ISLAMABAD: Senate Chairman Sadiq Sanjrani barred Caretaker Information Minister Murtaza Solangi from introducing a bill when the interim government’s to frame laws was strongly questioned by the senators, The News reported Wednesday.

Solangi wanted to move the Motion Pictures (Amendment) Bill, however, ex-chairman Senate Raza Rabbani on a point of order contended that caretaker governments do not enjoy the powers to legislate. 

He pointed out that it was for the first time in the parliamentary history of the country, after the introduction of the concept of caretakers in the Constitution, that an interim government has brought legislative business before the Senate.

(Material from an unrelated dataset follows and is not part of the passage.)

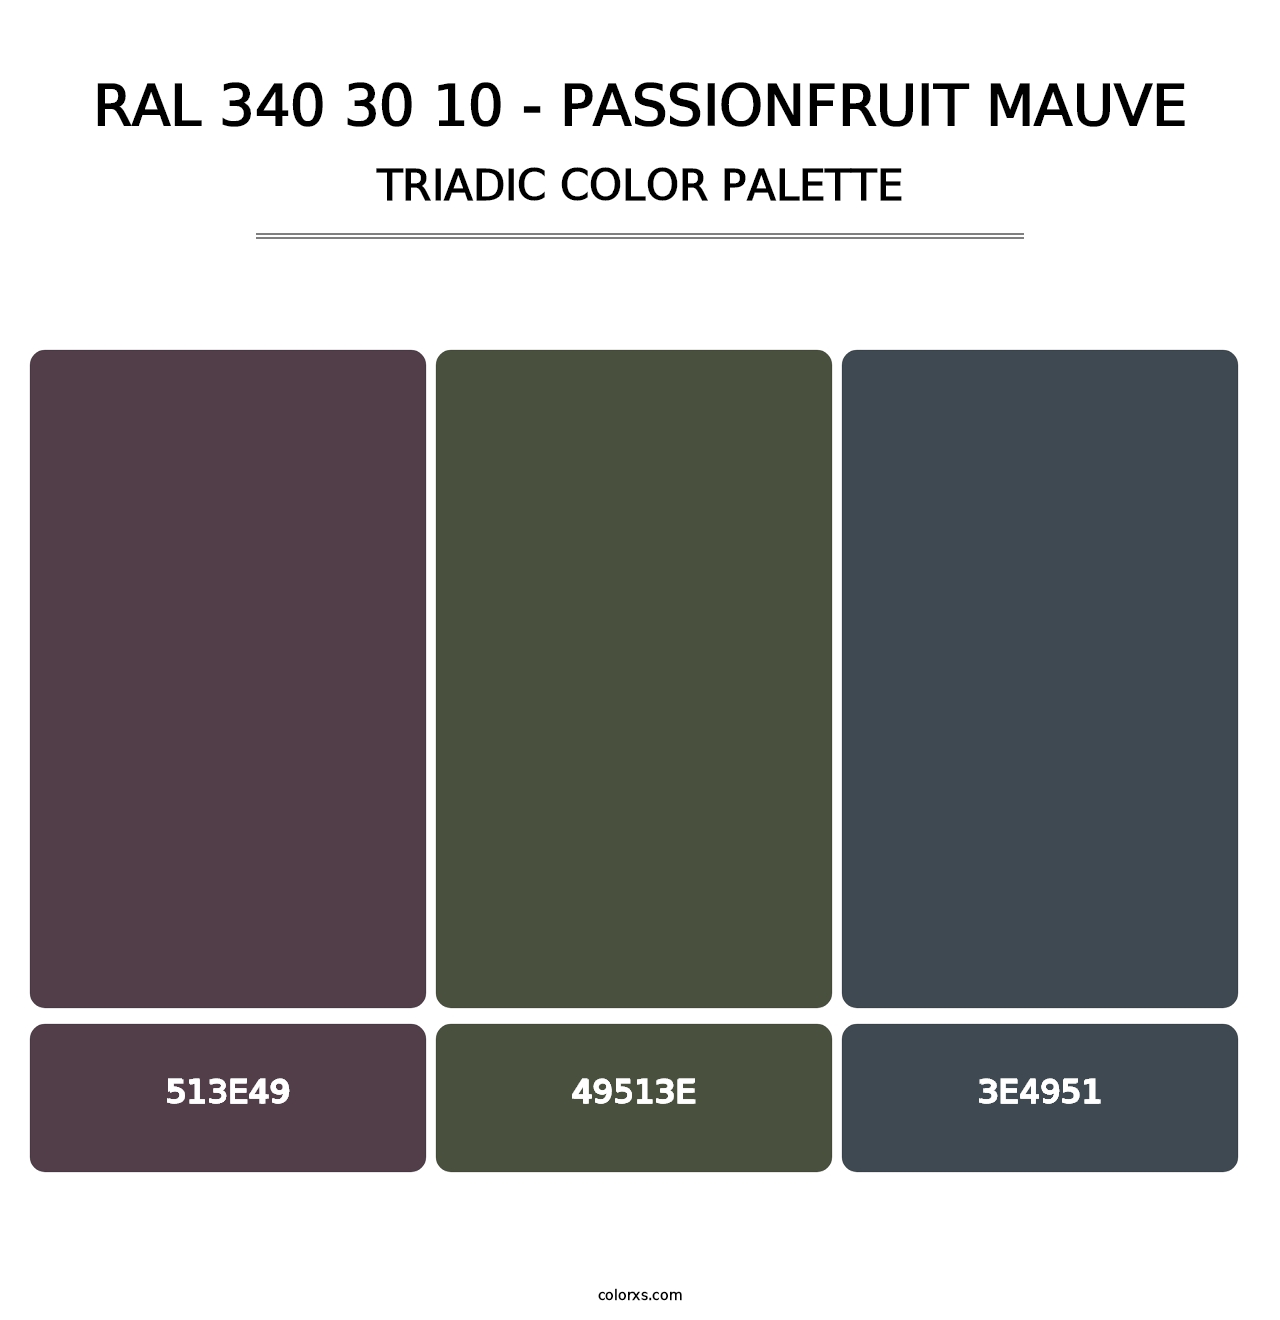 RAL 340 30 10 - Passionfruit Mauve - Triadic Color Palette

Only a government commanding majority in either House of Parliament can move a bill, Rabbani insisted, adding that in a parliamentary form of government, only members can move a bill in a House.

The former chairman urged the chair not to allow setting such bad precedence under his chairmanship that an unelected individual representing a caretaker government moves legislation, requesting him to drop the agenda item from the orders of the day.

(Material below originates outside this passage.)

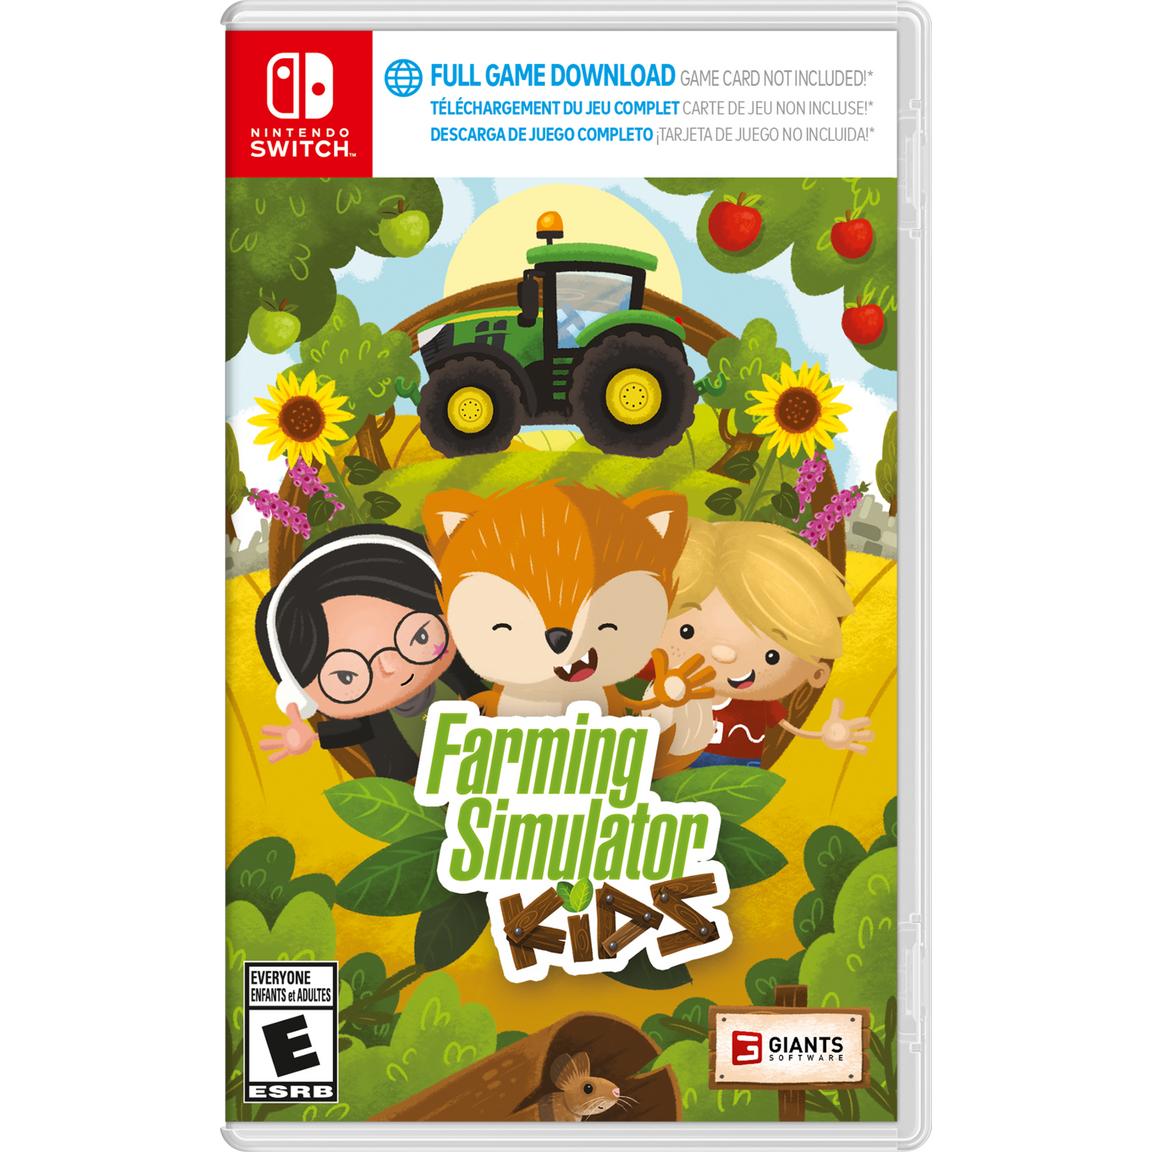 farming simulator nintendo switch edition [nintendo switch русская версия] Видеоигра Farming Simulator Kids - Nintendo Switch

In reply to him, Solangi said he has stood by the Constitution, law and democracy throughout his life and there was no possibility of any change in it. 

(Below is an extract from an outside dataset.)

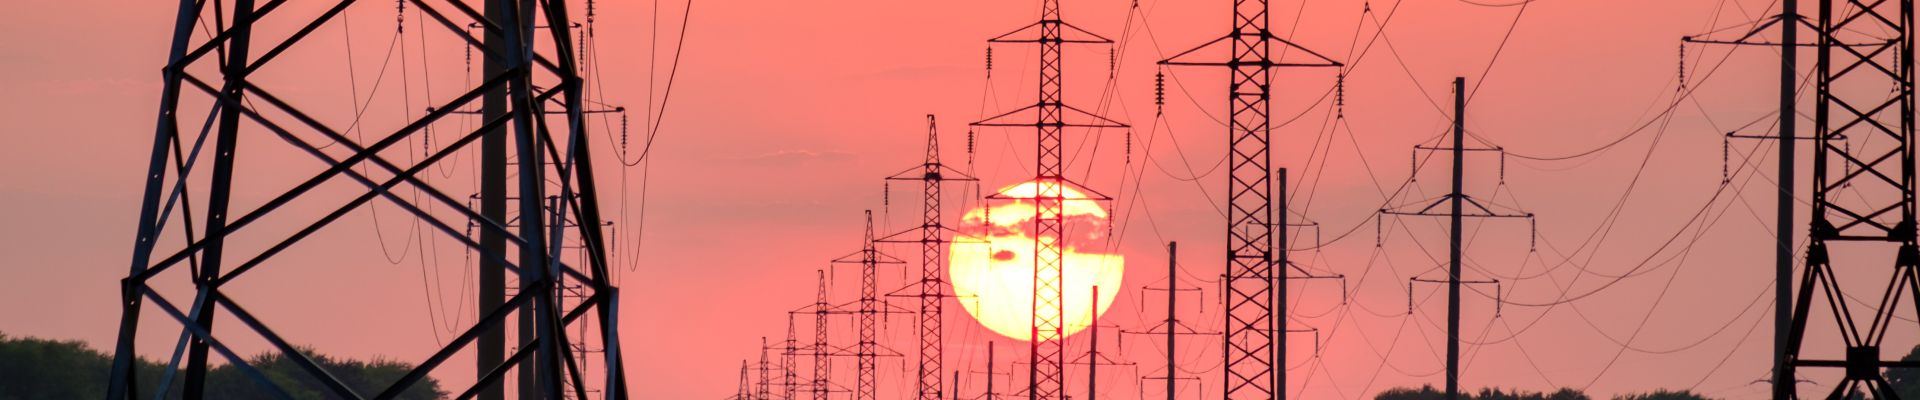 Pylônes électriques devant le coucher du soleil

The information minister said he would respect any decision taken by the House, prompting the chair to observe, “if there is no urgency, let us wait for the elected government. Let us defer this. I will examine it and get opinion and then will talk on this on Friday”.

Speaking on the notice to draw the attention of the minister-in-charge of the Cabinet Division towards the issuance of a notification on August 23 whereby the Cabinet Committee for Disposal of Legislative Cases (CCLC) has been constituted, Senator Rabbani contended that the caretaker prime minister’s very step is unconstitutional.

However, Solangi rose to clarify the CCLC has been constituted not for primary legislation, but for subsidiary rule-making. He rejected the reservations expressed by Rabbani on the committee’s formation and ToRs, saying it has been constituted under the rules of business.

The minister added the Constitution also does not bar the caretaker government from laying ordinances, though there is no mention of a caretaker government. He said that under Article 89 of the Constitution, emergency legislation is also permissible.

Solangi also said the main purpose of the committee is to lend support to the cabinet’s secretariat functions.

Rabbani was again on his feet to ask the minister through the chair that the committee’s notification may be placed in the House to find out what are the ToRs.